Consensus looks for the U.S. trade deficit to have risen to $92bn as imports into a stimulus-pumped U.S. economy likely surged faster than exports in what would be a supportive development for other economies as well as, some say, an argument for a weaker Dollar.

However, one other potential and likely significant influence on the Dollar over the coming days or weeks could be developments in Chinese Renminbi exchange rates.

"Any signs of independent Renminbi strength could lend weight to the notion that the PBOC wants a stronger currency to insulate against imported commodity price rises. This would be bearish for the dollar in our opinion," says Chris Turner, global head of markets and regional head of research at ING.

China made headlines over the weekend when, among other things, Vice President Liu Guoqiang of the Peoples’ Bank of China (PBoC) said; “The People's Bank of China has perfected a managed floating exchange rate system based on market supply and demand and adjusted with reference to a basket of currencies.
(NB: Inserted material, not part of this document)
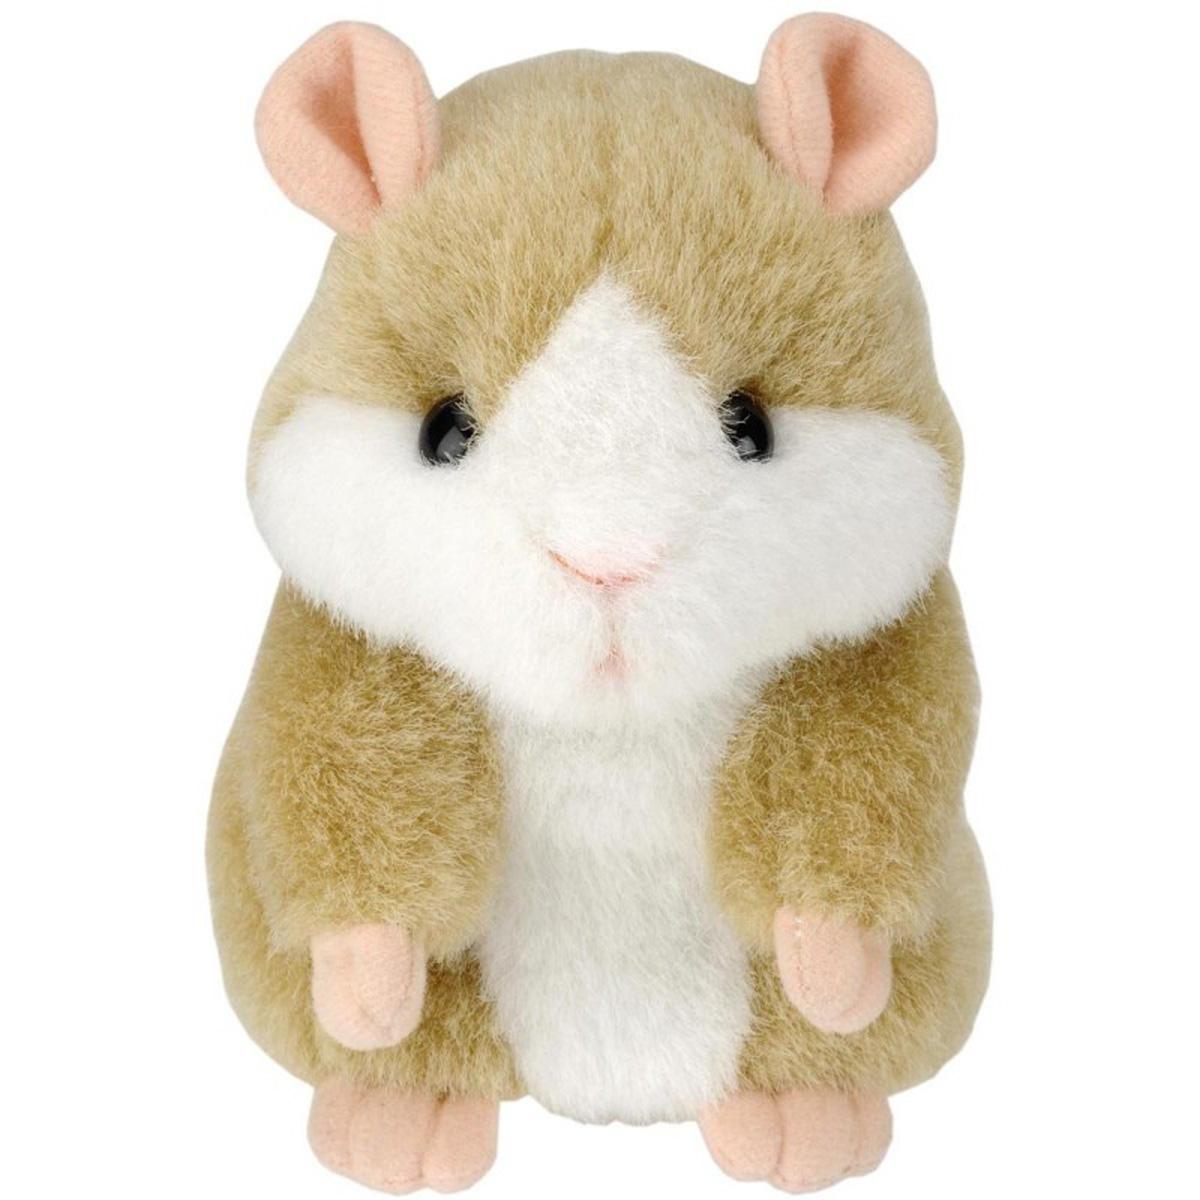 Do choi chuot Hamster nhai tieng co nhieu mau sac

This system is suitable for China's exchange rate system arrangements at present and for a period of time in the future.”

ING RMB correlations

Above: ING Group graph showing various currencies’ correlations with the Renminbi.

Vice President Guoqiang was responding to questions about the bank’s stance in relation to China’s managed exchange rate regime, questions which may have been prompted by the recent release of the transcript from an April speech given by Zhou Chengjun, director of the PBOC Finance Research Institute in which Chengjun said that “China’s central bank has to let go of exchange-rate goals in the end.” 

This is not the same subject as the one taken up by Lu Jinzhong, head of research at the Shanghai branch of the PBoC, in one of the bank’s magazines last Friday.

Jinzhong suggested the PBoC “appropriately appreciate the RMB” via the USD/CNH exchange rate in order to offset rising Dollar-denominated commodity prices that have raised production costs and squeezed margins for companies, which could have broad and uplifting implications for other currencies.

Many currencies correlate positively with the Renminbi and some of them increasingly so in recent months, as can be seen in the above graph, and this means among other things that some of them at least could be likely to mimic any rally seen in the main Chinese exchange rate.

It’s not clear if the PBoC would take up the proposal, although any decision to do so would inevitably involve steep gains for the Renminbi against the Dollar and so would potentially be an upside risk for the Pound, Euro and any other currencies which tend to follow the Renminbi.

“Let’s see whether USD/CNY can break under the 6.40/41 area over coming weeks (we do in general like a soft dollar environment this summer) and in general, broad trends in USD/Asia – particularly in USD/CNY – do tend to support the overall USD trend,” ING’s Turner says.

EUR CNH USD and GBP

Above: GBP/USD shown alongside CNH/USD (green), EUR/USD (blue) and USD/CNH (red).